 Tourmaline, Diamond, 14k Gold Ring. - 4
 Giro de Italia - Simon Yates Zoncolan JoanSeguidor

====================

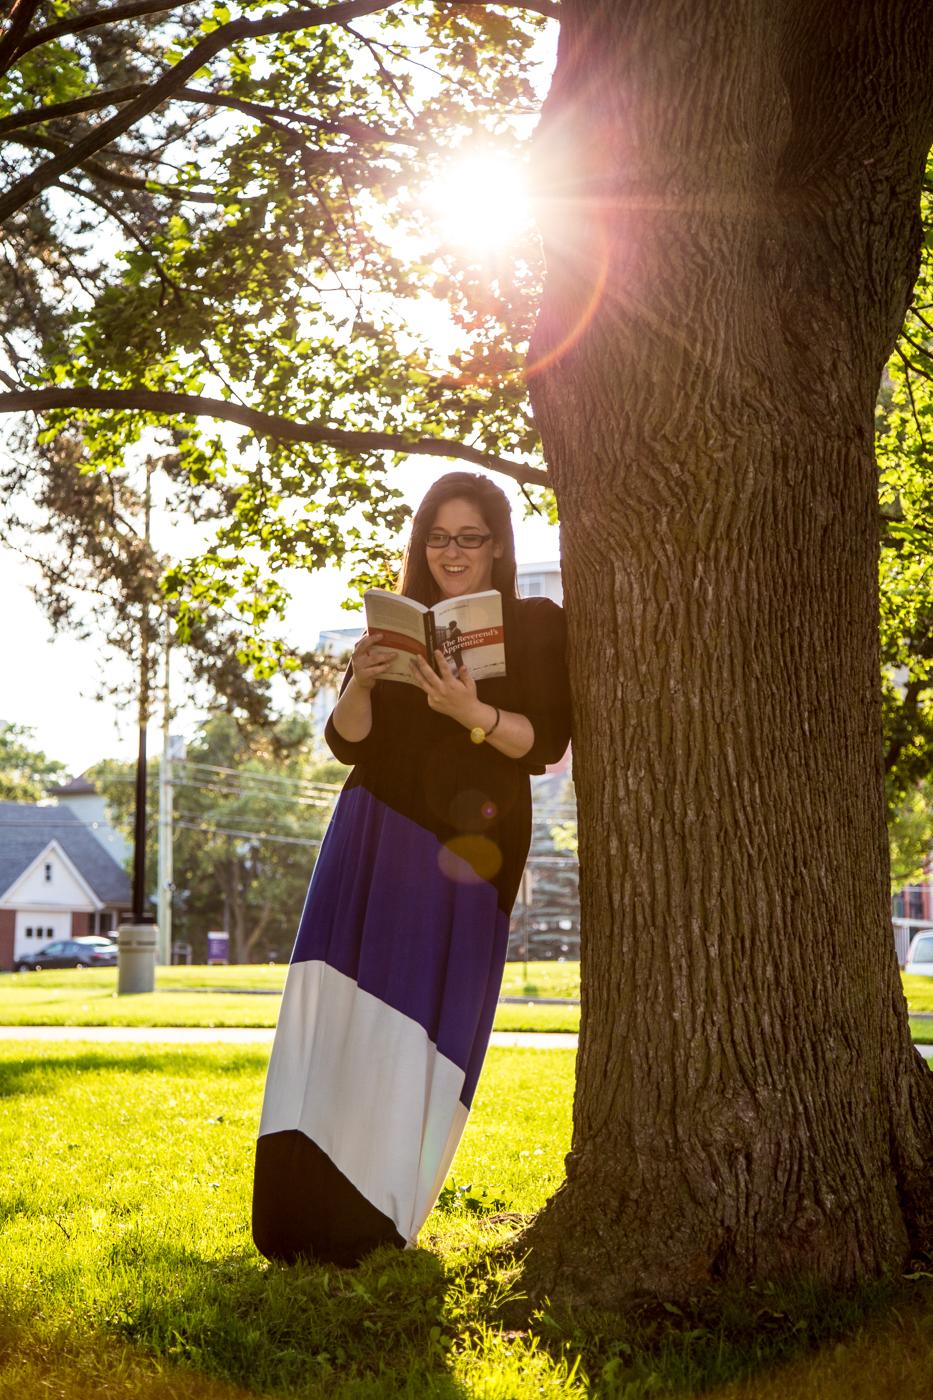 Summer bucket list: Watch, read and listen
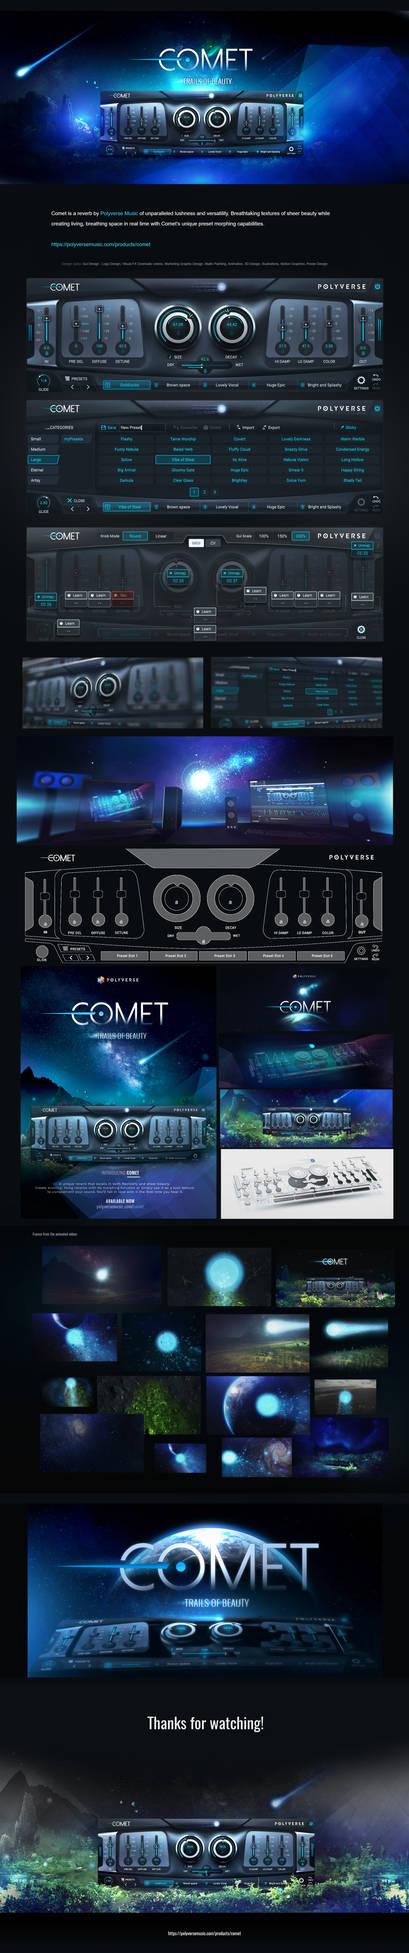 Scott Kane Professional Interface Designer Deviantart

====================

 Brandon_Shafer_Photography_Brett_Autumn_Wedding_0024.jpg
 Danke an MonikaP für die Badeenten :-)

====================

What you give back must be the stretch above, starting at the line with "Brandon_Shafer_Photography_Brett_Autumn_Wedding_0024.jpg" and ending at the line with "Danke an MonikaP für die Badeenten :-)", copied exactly.

» WRITTEN RESPONSE:
 Brandon_Shafer_Photography_Brett_Autumn_Wedding_0024.jpg
 Danke an MonikaP für die Badeenten :-)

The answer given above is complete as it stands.